The full-time faculty at State College of Florida at Manatee-Sarasota voted no confidence in the college’s Board of Trustees this week, the Bradenton-Herald reported. The 118-2 vote comes after the board’s recent decision to eliminate the college’s tenure-like system even over the objections of college administrators, and after a proposal by one board member to consider faculty pay bids -- something like a fee-for-service quote -- in hiring decisions.
Robyn Bell, a professor of music at the college and president of its Faculty Senate, said in a statement that the board’s recent vote was the “final straw in a long list of deeds and actions that have proven more harmful than helpful to our college. Such ideologically/politically driven decisions have been made without research or merit and attempt to govern a public institution of education as a private, corporate business.”

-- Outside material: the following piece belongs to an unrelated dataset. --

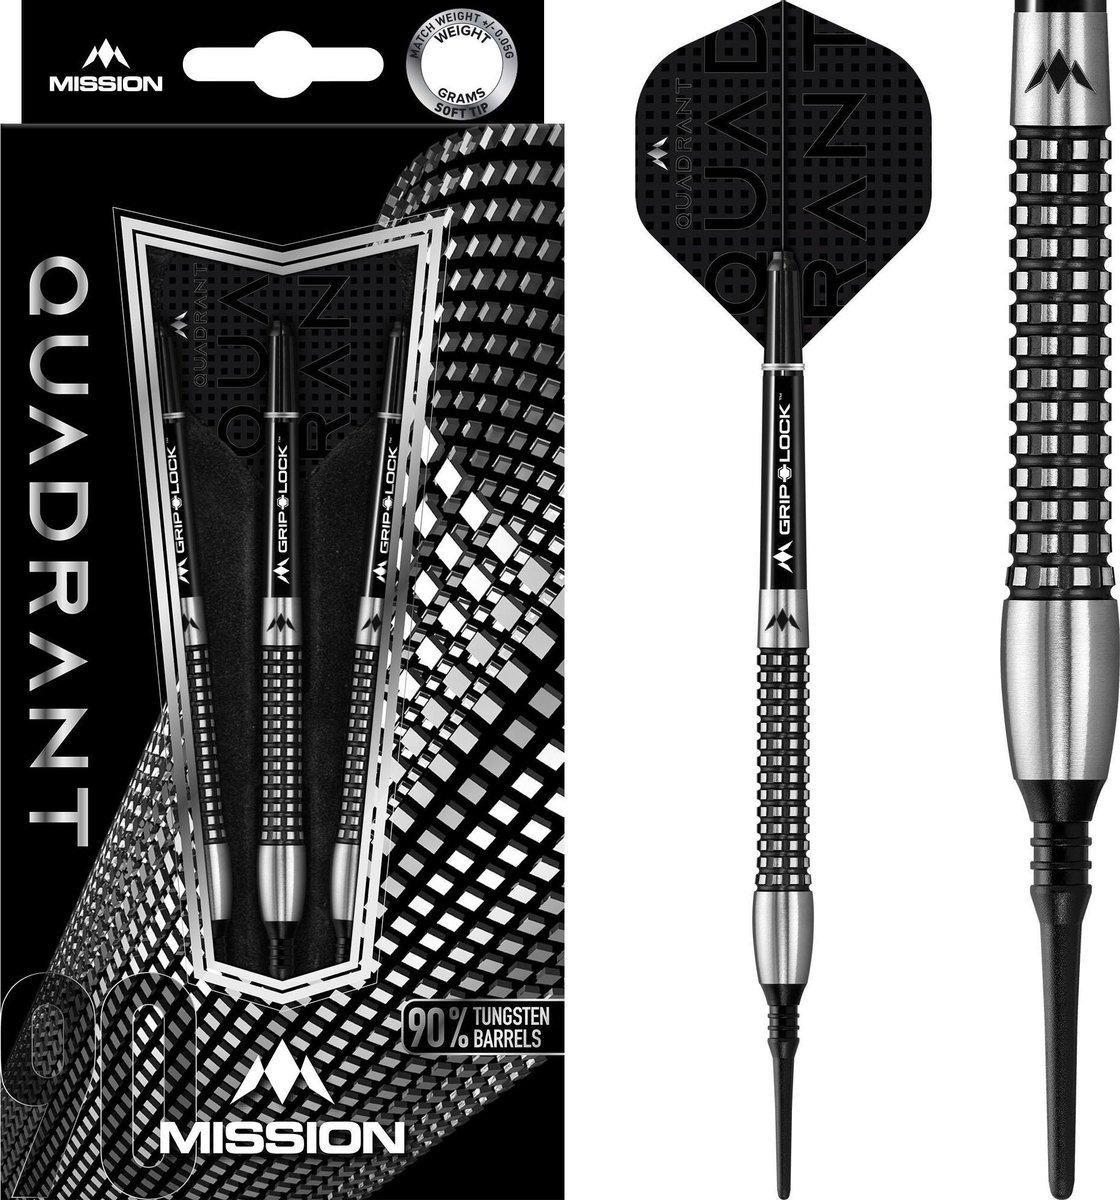 Mission Quadrant M3 90% Soft Tip - 21 Gram

Carol Probstfeld, the college’s president, said in a separate statement, “We all agree that our students deserve the best possible faculty to provide an impactful and competitive education. We remain committed to hiring and retaining the best possible faculty.”

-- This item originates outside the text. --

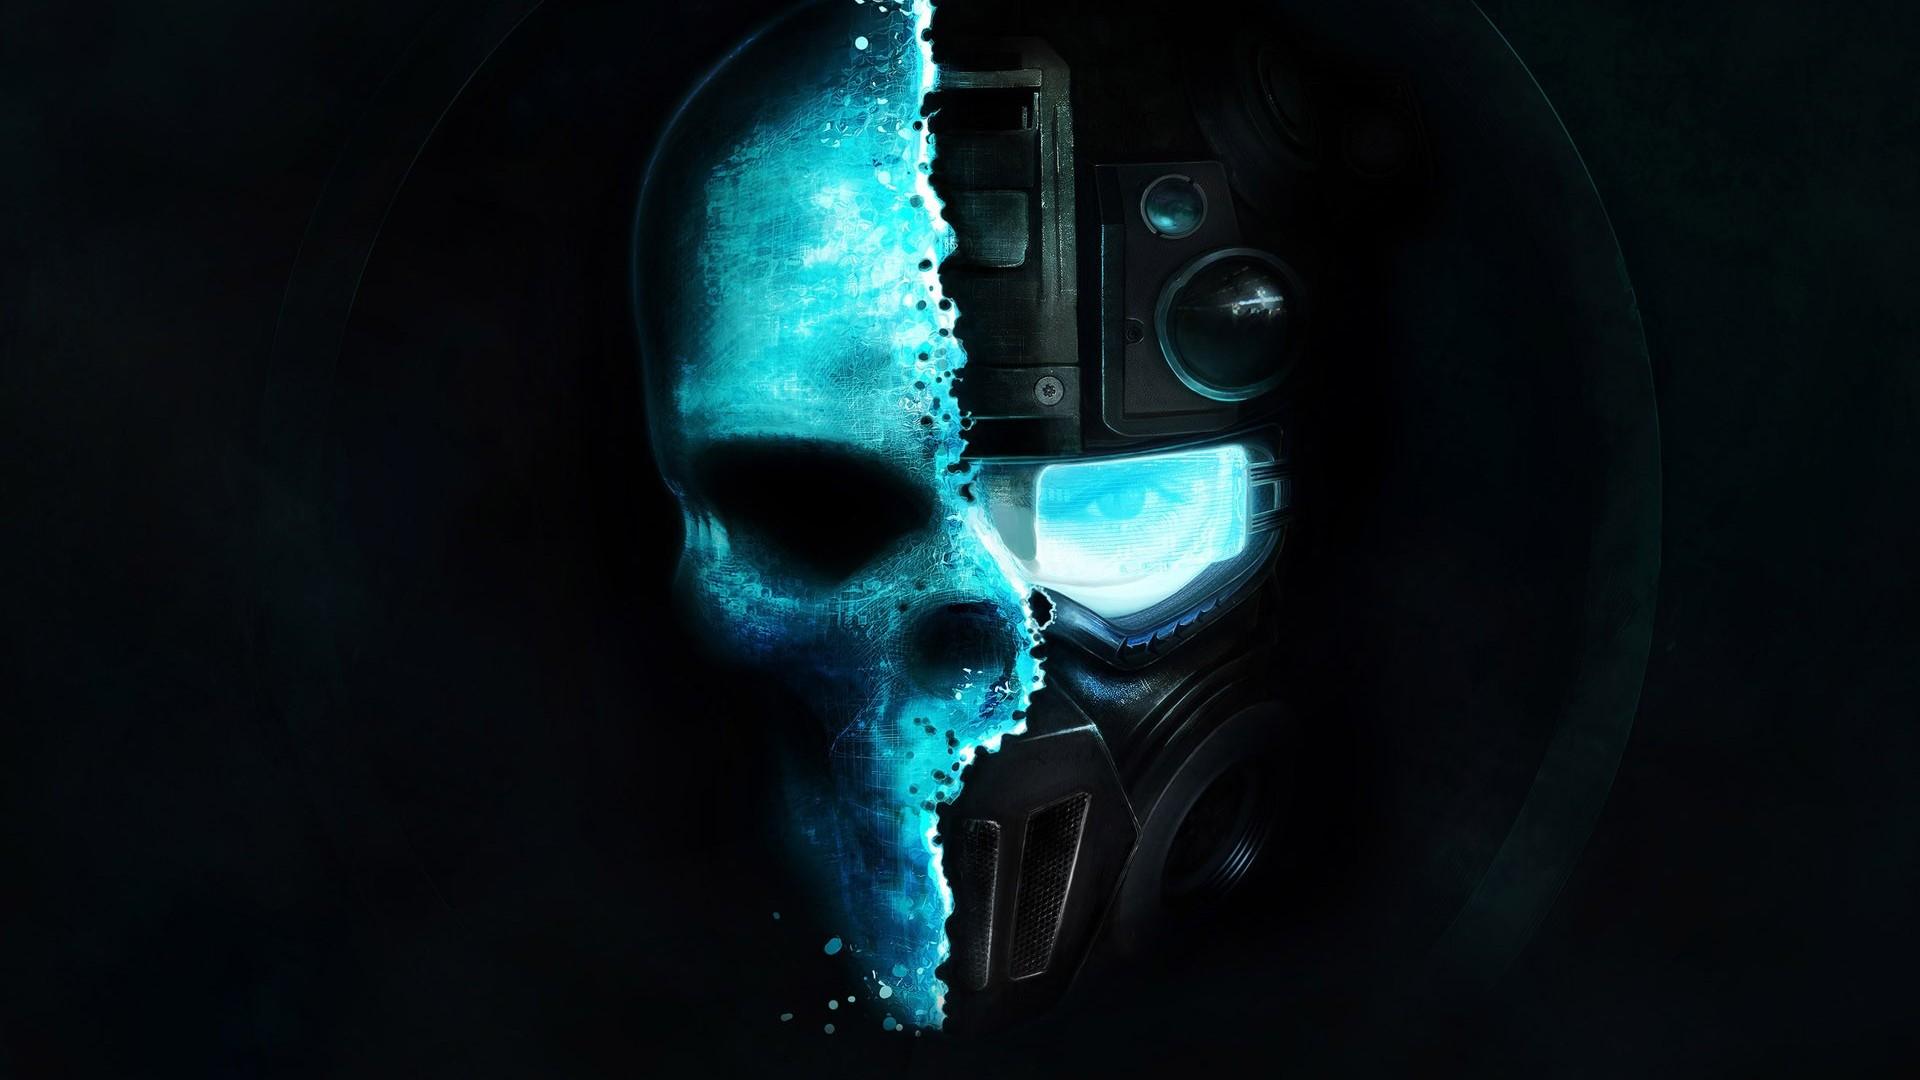 Overwatch Soldier 76 4K wallpaper

Craig Trigueiro, board chairman, said he wasn’t surprised by the vote but that the board stands by its decision to end continuing contracts, which previously afforded long-serving faculty members in good standing due process protections that were similar to those ensured by tenure. Trigueiro said professors’ fears that they’ll lose academic freedom under the new year-to-year contract system are misplaced, in that the board “has no intention of decreasing academic freedom,” the Herald reported. “We support academic freedom. A college or a university without academic freedom, in my opinion, is not a college or university.”